What the exercise asks: Transcribe the data as written, minus images.

Raw data:
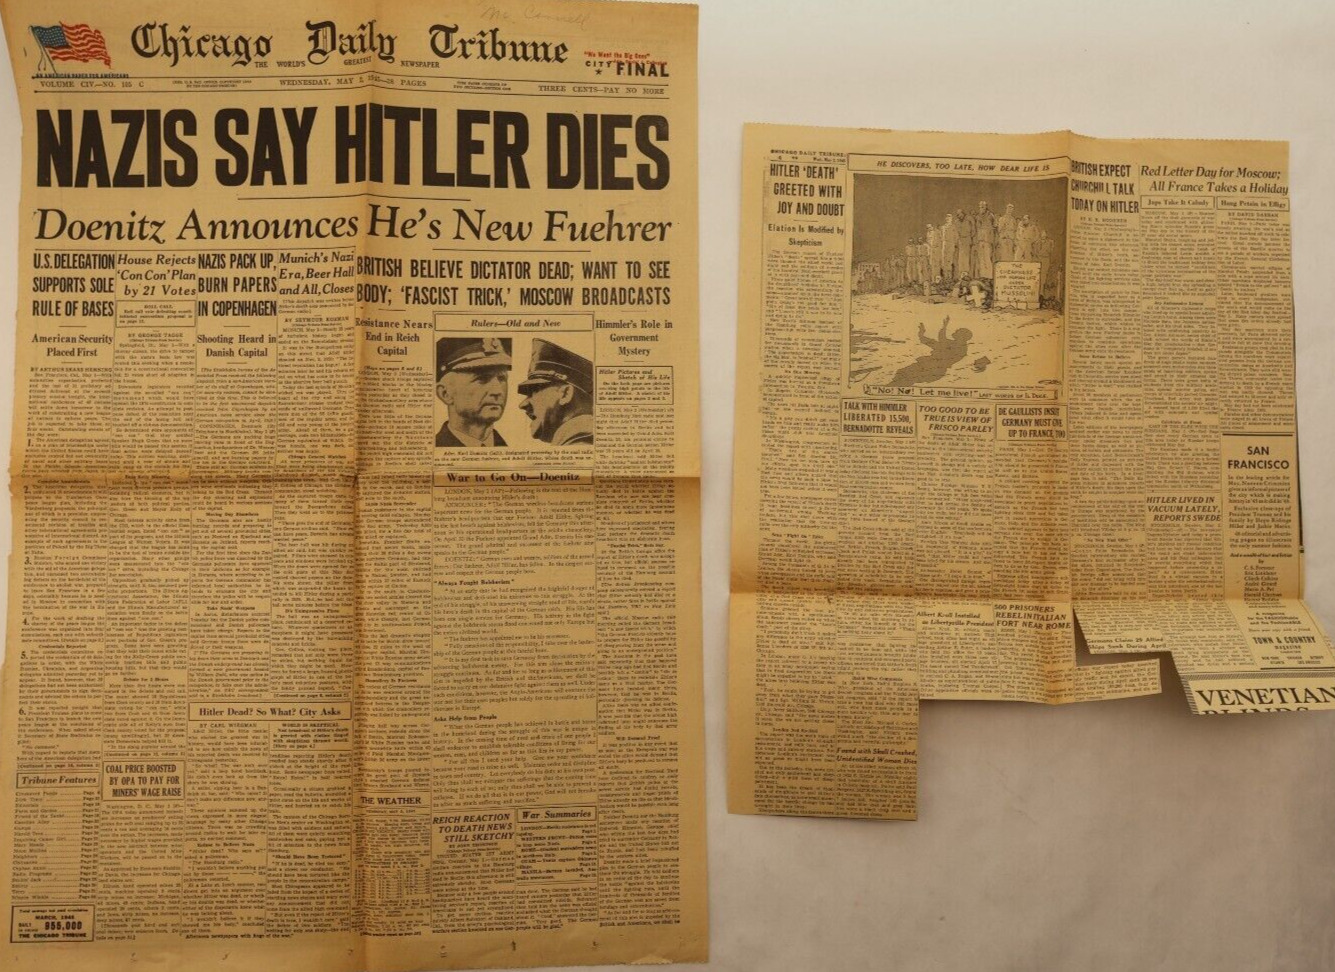 Chicago Daily Tribune 'Nazis Say Hitler Dies' vintage News Article 5/2/1945
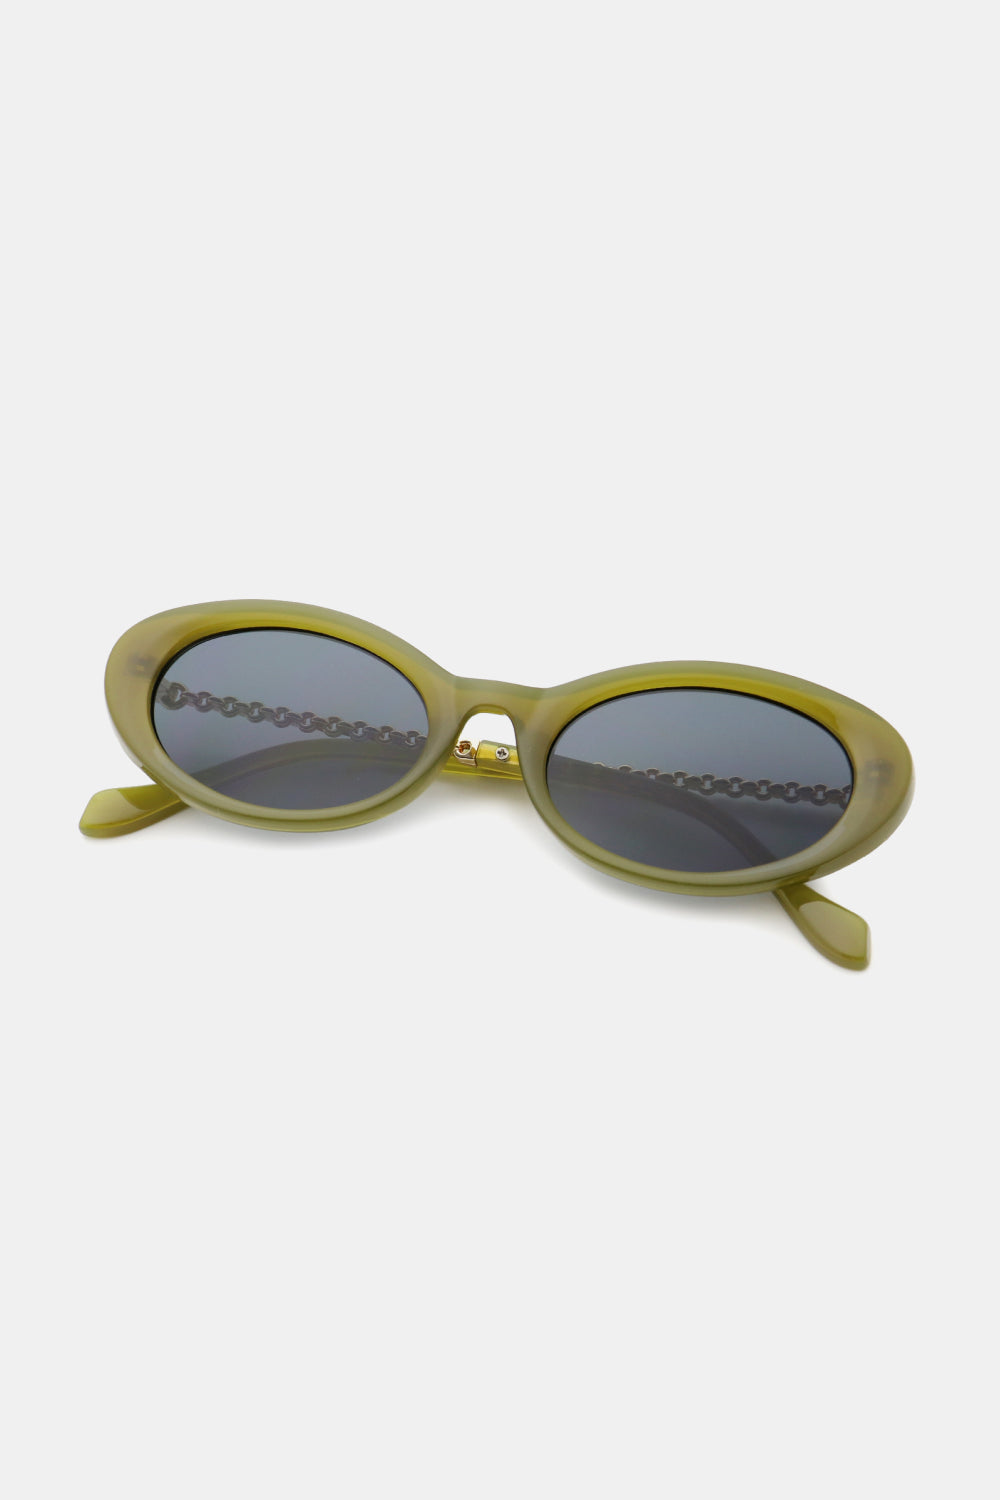 HANNAH MEA Polycarbonate Frame Cat-Eye Sunglasses
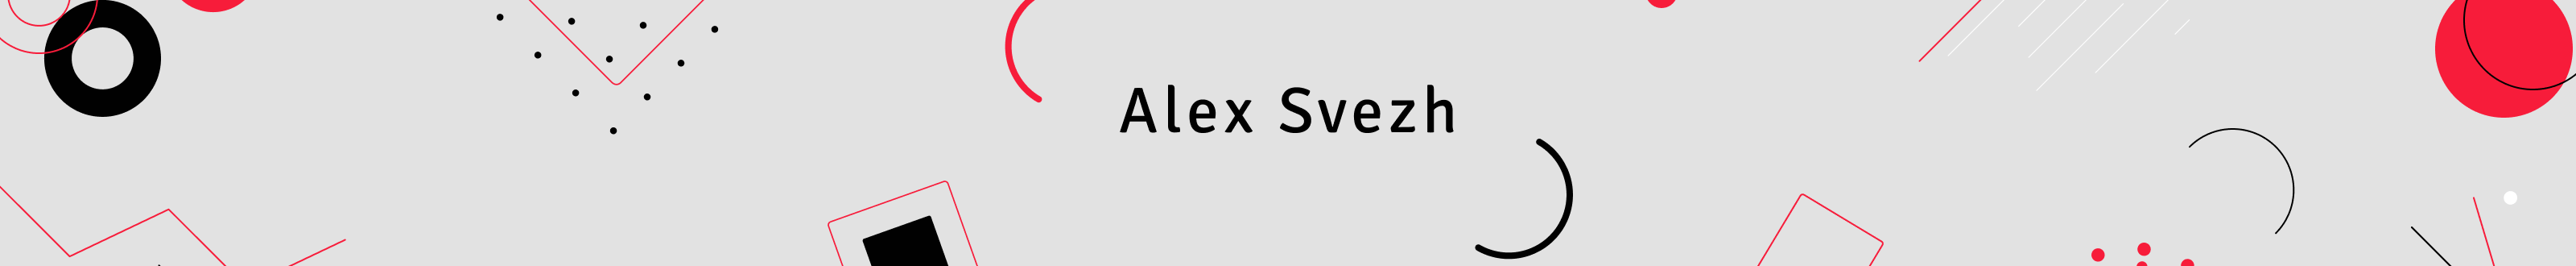 Alex Svezh's profile banner
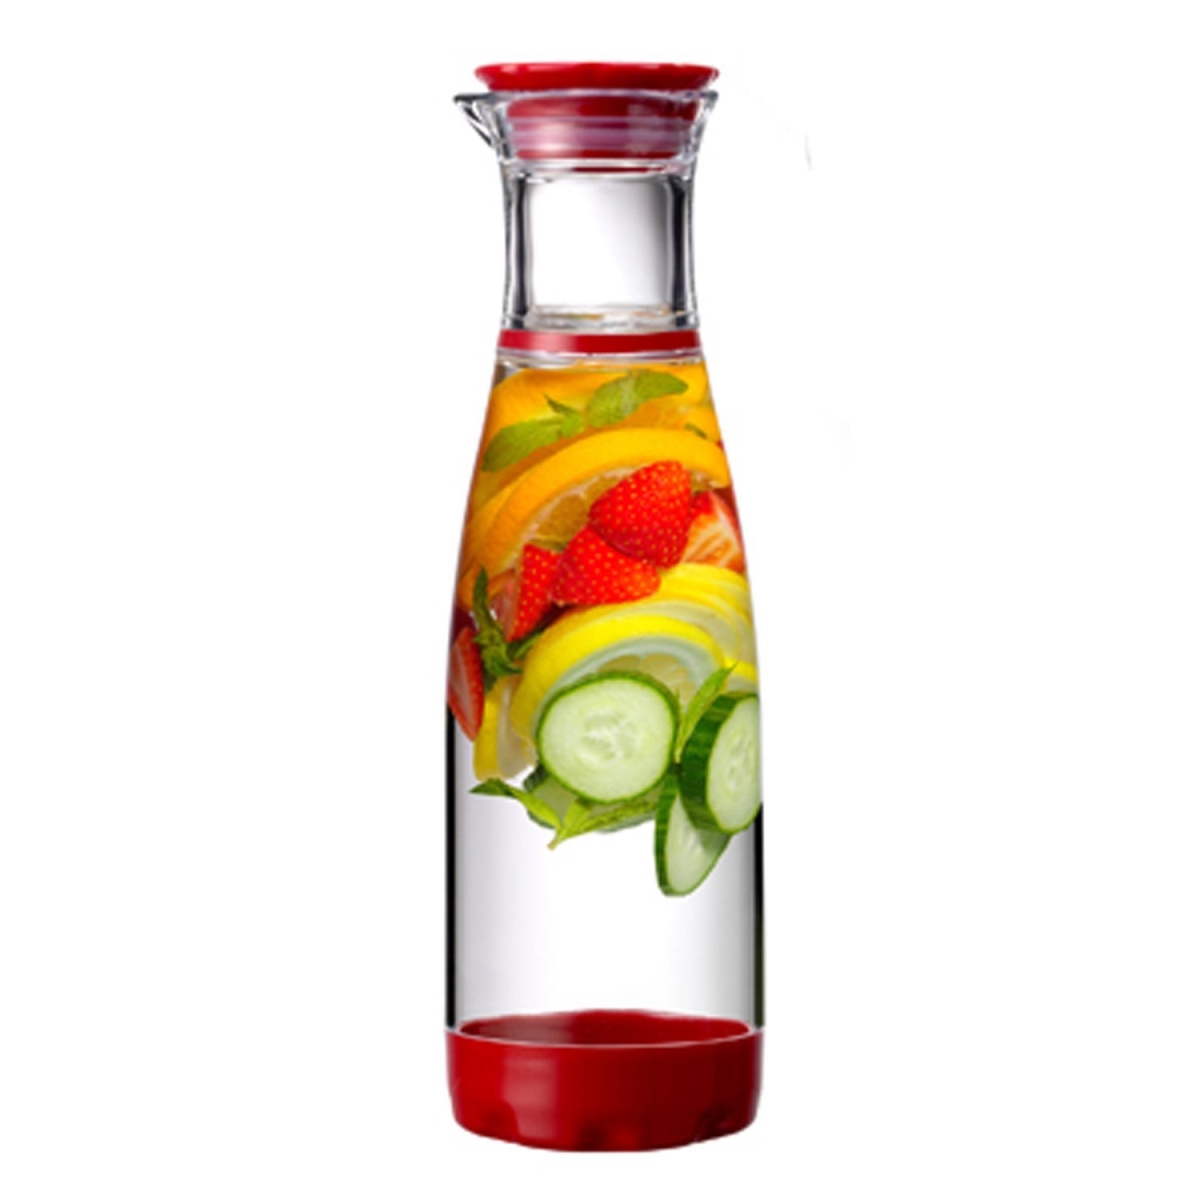 Fruit Infusion Flavor Jar, Red

Result below:
 Chicago Daily Tribune 'Nazis Say Hitler Dies' vintage News Article 5/2/1945
 HANNAH MEA Polycarbonate Frame Cat-Eye Sunglasses
 Alex Svezh's profile banner
 Fruit Infusion Flavor Jar, Red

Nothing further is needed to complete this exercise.